The authors analyze the divergence behavior in ultra-deep models, identifying a mode-selective gradient shock that amplifies in the mean-coherent direction while Q/K gradients collapse, leading to token homogenization and a mean-dominated failure state. They evaluate stabilization methods, showing that MV-Split maintains higher gradient stability and better convergence than baseline approaches without sacrificing early learning speed, and demonstrate that this stabilization extends to 1000-layer models while preserving text-conditioned generation quality. A gradient shock selectively amplifies in the mean-coherent writer direction, causing Q/K gradients to collapse and leading to token homogenization across depth. MV-Split stabilizes the model by bounding the mean-coherent gradient component while preserving a higher stable centered gradient band, improving convergence without sacrificing early speed. The stabilization mechanism extends to 1000-layer models, maintaining stable training and usable text-conditioned generation quality beyond the depth where other methods fail.
{"summary": "The authors evaluate the text-conditioned generation performance of a 1000-layer MV-Split model using GenEval and DPG-Bench tasks. Results show strong accuracy on single-object and counting tasks, with moderate performance on color and position tasks, and lower accuracy on color attribute recognition. The model demonstrates robust generation across diverse categories, as shown in visual samples.", "highlights": ["The model achieves high accuracy on single-object and counting tasks, indicating strong performance on basic visual understanding.", "Performance is moderate on color and position tasks, suggesting limitations in handling more complex visual attributes.", "The model shows lower accuracy on color attribute recognition, highlighting challenges in fine-grained attribute prediction."]

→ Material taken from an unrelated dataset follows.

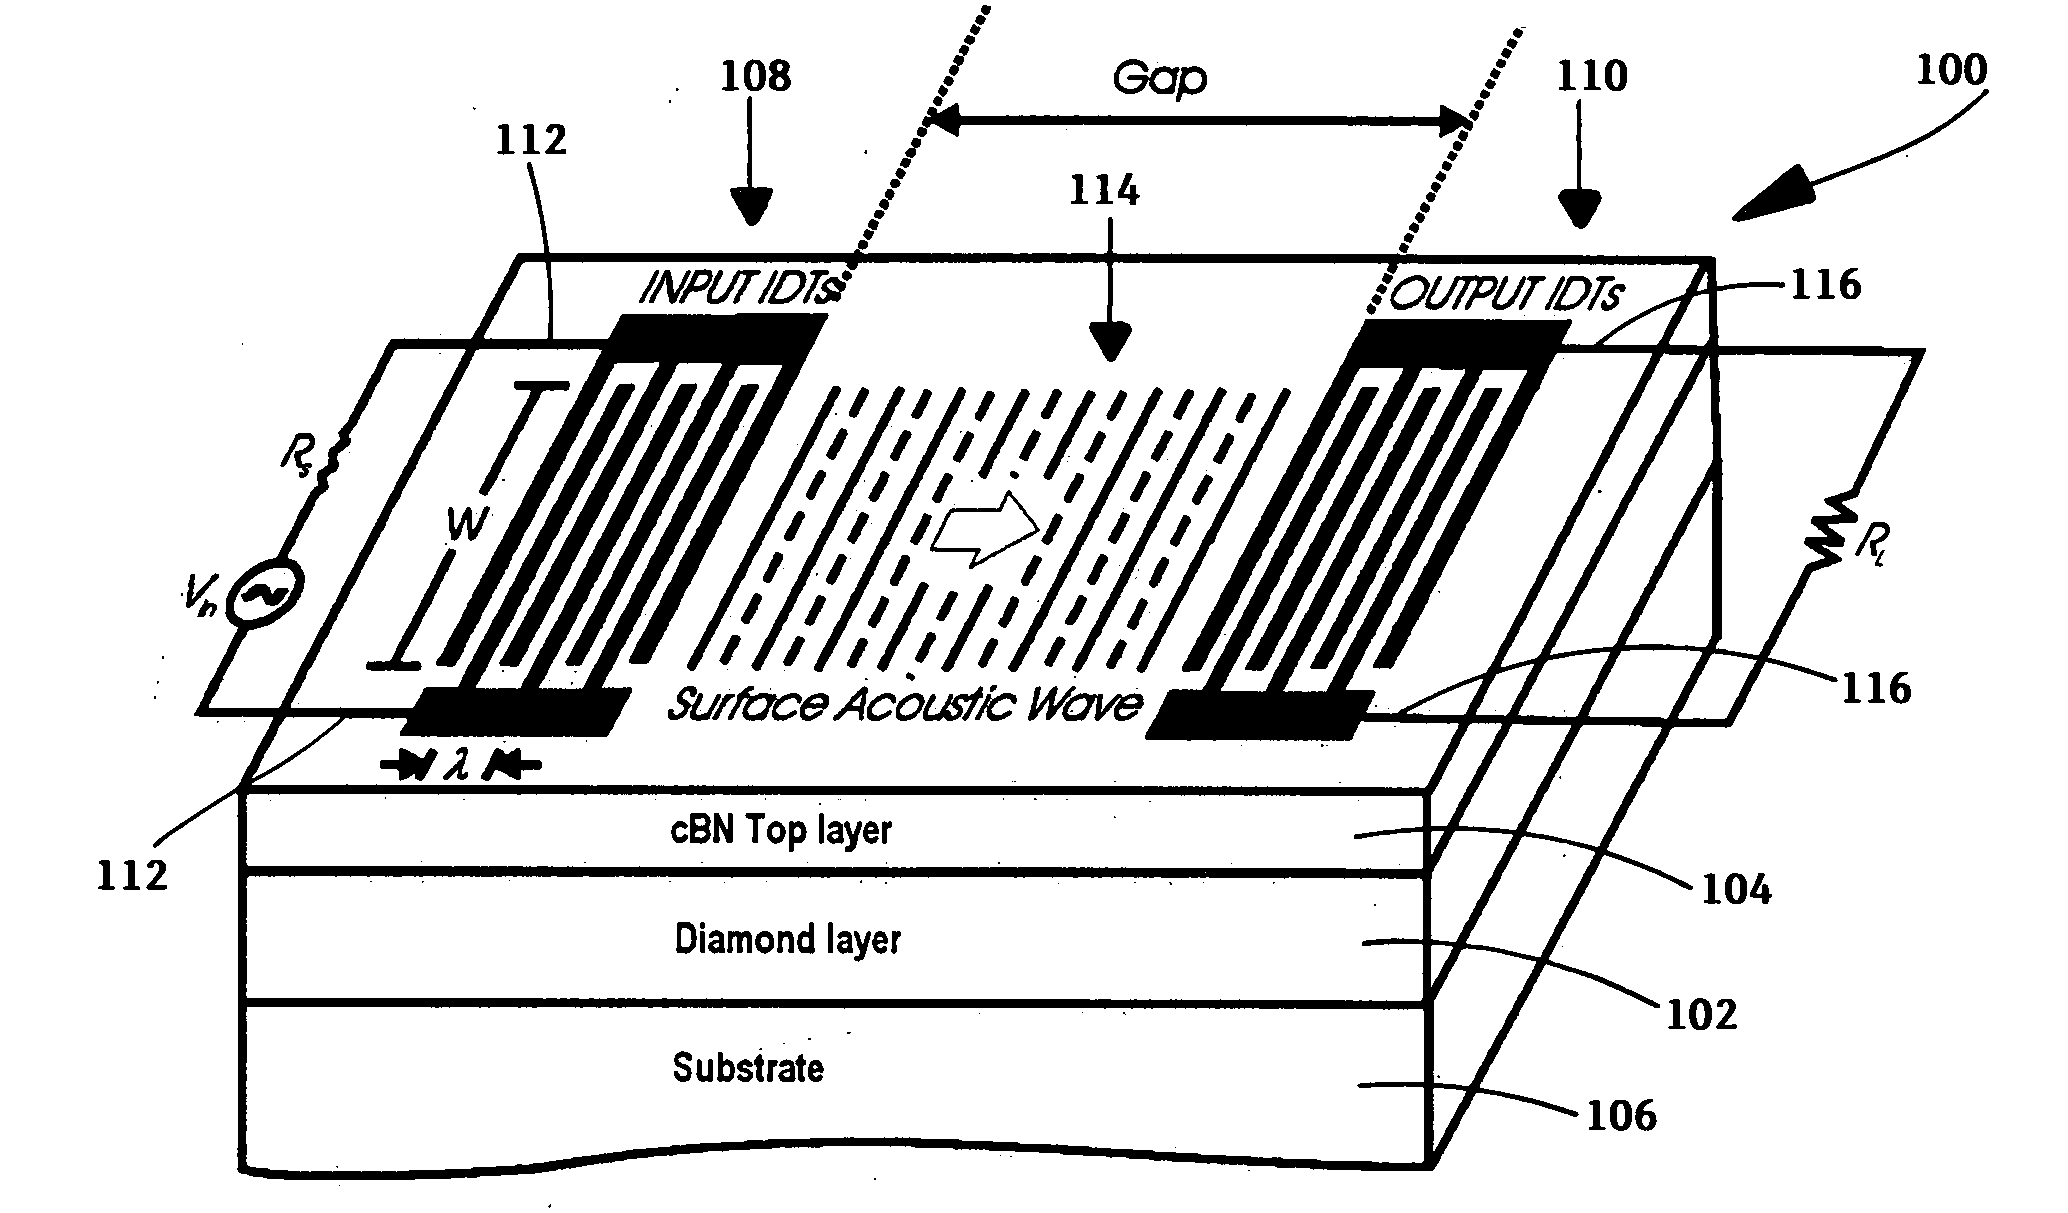 Surface acoustic wave (SAW) devices based on cubic boron nitride/diamond composite structures

The experiments evaluate training stability and generation quality in ultra-deep transformer models by comparing un-stabilized baselines, LayerScale, and the proposed MV-Split method across hundreds to thousands of layers. Analysis reveals that un-stabilized architectures diverge due to gradient spikes that homogenize token representations, while LayerScale curbs instability at the cost of suppressed gradient variation and slower convergence. MV-Split successfully isolates and bounds problematic mean-coherent gradients while preserving essential centered gradient activity, enabling robust training at extreme depths without compromising early learning dynamics or text-conditioned generation capabilities.